NA.home通信 263号

21.jun.2007
 昔、故人になられた伊丹十三さんの番組で「照葉樹林文化」という仮説を取り上げた番組を見た。
 タイ、ビルマの山間部から、日本の太平洋沿岸まで続くこの地域は、ある種統一した文化を持つ、というのだ。
 里芋のような茎に出来る芋や、餅、団子などを作って食べるのが共通しているらしい。それらを育むのが緑豊かな照葉樹林であるという内容の番組であったと記憶している。ネットで検索したら、かなり出てきたが、特に興味がないので読んでいない。
 
 247号で宮池小学校の木がでたらめに切られていた話しを紹介した。
 一年経った今、ぶっつり切られた太い幹からは芽が出て、不格好な樹形を見せているが、細いものの多くは枯れ、杭のように地面から突き出ている。
 日当たりの良くなった地面には雑草が生い茂り、ボールが入ったら、見つからないだろう。
 切った理由は落ち葉対策ではなく、当時問題になった小学校での防犯対策だとか。
であれば、下枝を払い、剪定をすればいいのに。
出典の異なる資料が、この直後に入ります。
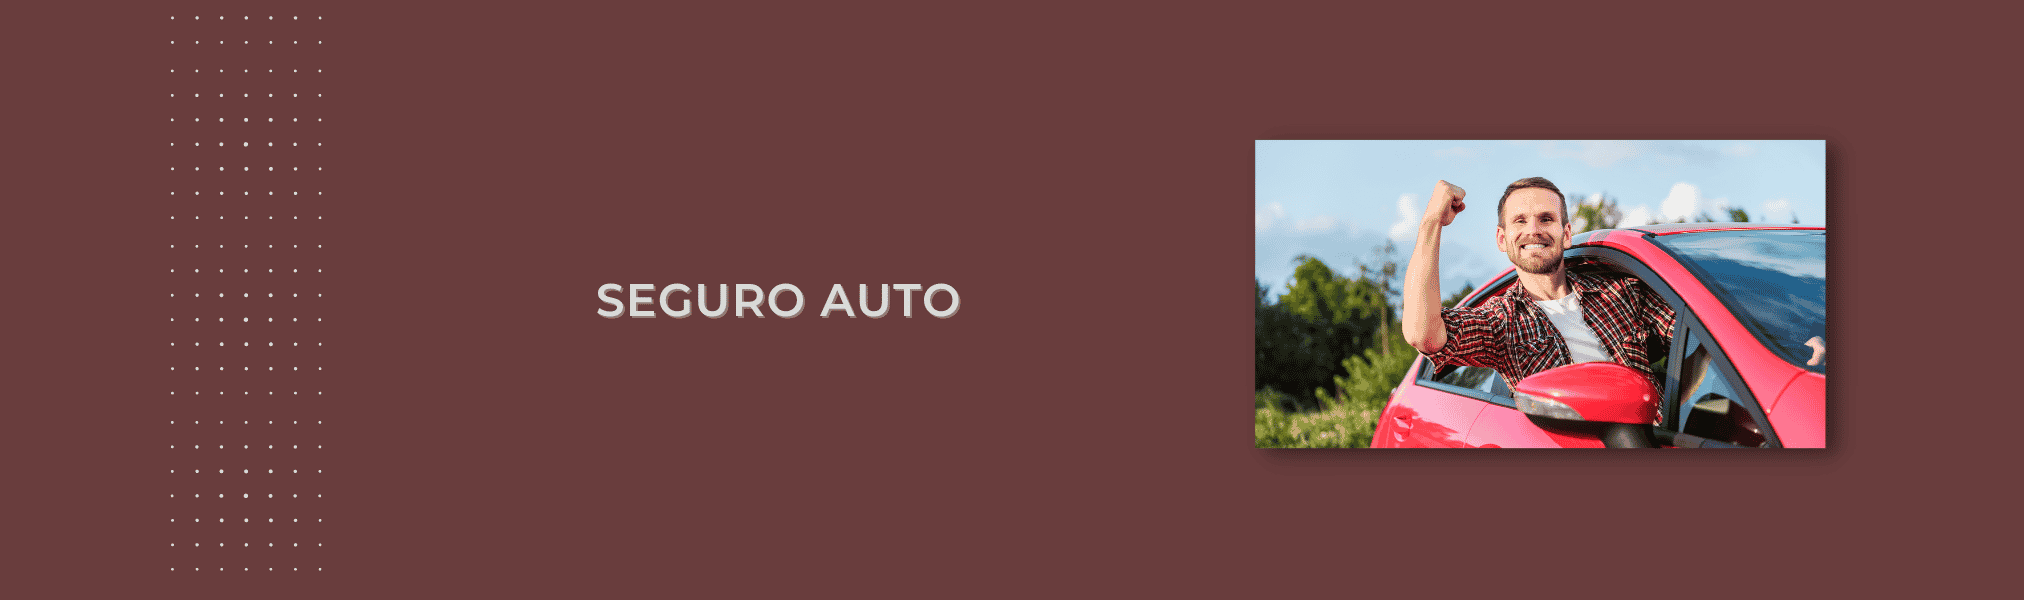 Banner Seguro Auto

風通しの良さそうな林だったのが、下草や下枝がたくさん出て、今の方が見通しが悪い。

 先日も今春完成した岡崎のお宅から、街路樹のクスノキが切られたという報告が入った。
 確かに街路樹にクスノキはいかがなものかとは思ったが、独特の景観を築いていたのも確かである。
 どうも木を大事にしない傾向が目についてならない。この地方のだけの傾向であろうか。
 豊かな照葉樹林に囲まれて育った人たちには、木はいくらでも生えてくるという感覚なのだろう。確かに焼き畑農業も照葉樹林文化ではあるのだが。